Account payable plays a crucial role as well. Though it is controllable, businesses would like to see, based on the current financial ecosystem, when they are able to make the payment. This is where the forecasting engine has been built. It gives a flavour of what amount will be coming to the company and what amount will be payable in what amount in time.
Procure to Pay
The procure-to-pay process is one of the most business-critical technology stacks. It extends beyond your enterprise and involves suppliers. Therefore, it is crucial to adopt a seamless, efficient, and human-centric approach to designing and developing procurement solutions. When AB InBev is trying to procure goods, it encounters various challenges. Initially, it used to track one metric payment on time, but it was not giving the company the entire picture. So the team now looks at overpayment and early payment as well.
The payment leakage detector solution helps PTP teams identify duplicate invoice postings. The solution is powered by AI and leverages the last three years of data to find similar patterns between existing and new invoice postings through NLP and pattern matching.
Smart Collections System
AB InBev’s Order-to-Cash (OTC) teams are responsible for processing over $50 billion worth of invoices every year. However, even after having fully optimised solutions in place, the company has encountered many issues. The hurdles arise out of system dependencies and the business silos of various departments. These problems can create invoicing disputes that result in financial and strategic burdens on ABI business. Invoicing disputes can arise due to a variety of reasons such as inept order processing due to inefficiencies in the order management system, inconsistent payment terms, inaccurate and incomplete invoicing etc.
Some repercussions due to invoicing disputes include
- Nonadherence to scheduling agreements leads to undercharging issues.
- Delayed collections and recovery leading to impact on DSO (Days of Sales Outstanding)
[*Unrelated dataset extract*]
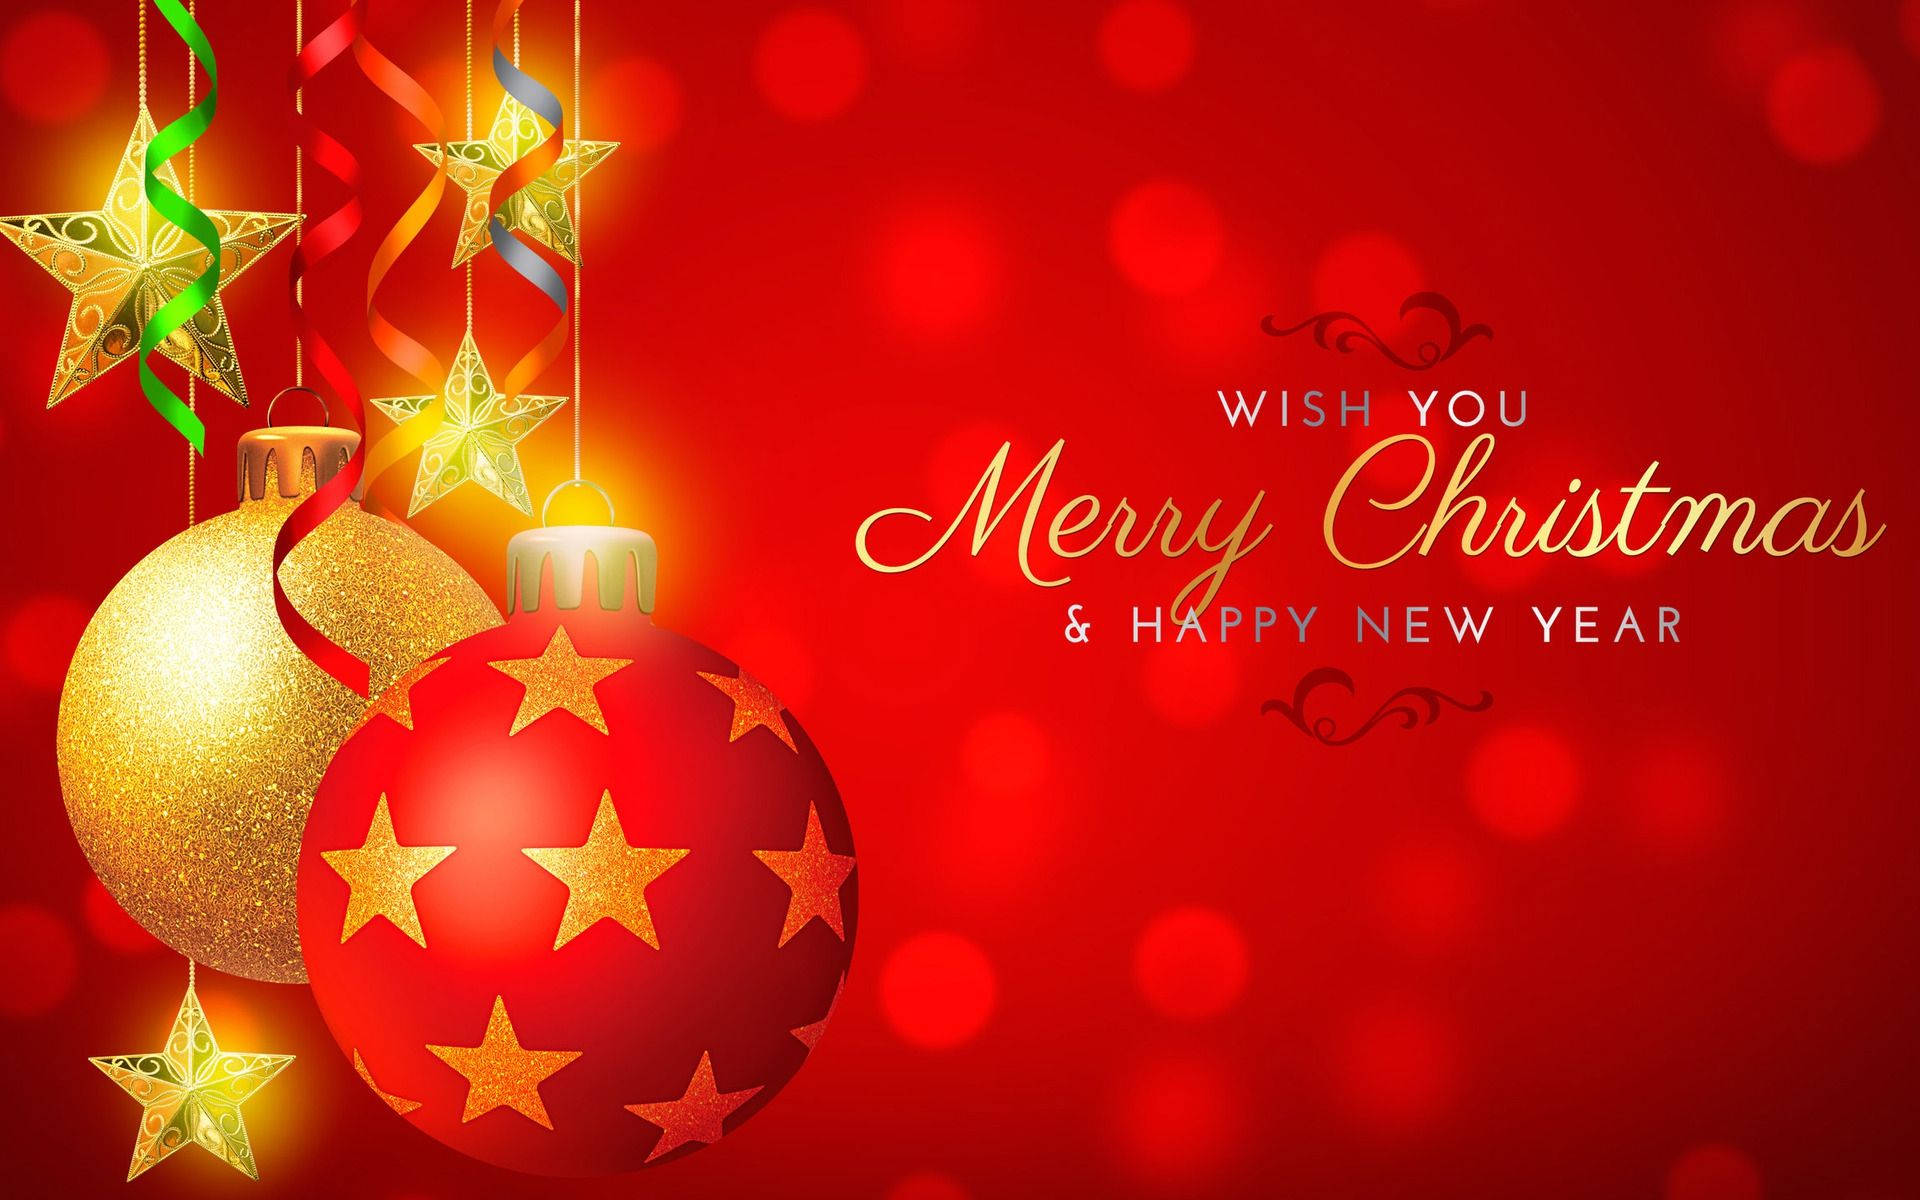 Download Wish You A Merry Christmas Background Wallpaper

- Negative impact on customer relationships, incorrect discounts
To solve such problems, the analytics team at ABI designed the Smart Collections System. This AI-powered platform assists the OTC teams in avoiding revenue leakages through solving the invoicing disputes in the OTC cycle and ensuring the timely collection of correct payments.
Three modules:
- Early Warning System
This uses heuristic rules and fuzzy logic to solve the invoicing issues during order generation.
- Short Paid Analytics
With the help of Optical Character Recognition and Natural Language Processing (NLP), assists collections teams in short payment recovery from the customers (Proof of Deliveries).
- Delay Prediction Model
This model uses cutting edge machine learning algorithms to predict the customers who would delay their payments. This significantly helps the collections team to recover the dues and impact the company’s working capital.
Credit Risk
The objective here is to enhance current credit allocation by leveraging transaction history and analysing drivers for noncompliance.
Here the data used are the invoice data (total invoices, delayed invoices, invoice amount), customer data (credit utilisation, payment term), Credit Bureau data and AR ageing data (AR ageing, balance, overdue).
It goes into two machine learning models.
- Model 1 – to determine credit risk category.
- Model 2 – to determine payment terms and credit limit.
Outcome
- Customers grouped into Credit Risk categories
- Dynamic Payment term determined for each customer
- Credit Limit determined for each customer
With analytics and AI taking such a central role in key business decisions,
AB In Bev as a leader is paving the way (and staying ahead) for integrating analytics and new-age technologies in business verticals. The use of cutting-edge tech in various aspects of the company’s finance systems has helped it optimise its performance and stay ahead in the game from its competitors.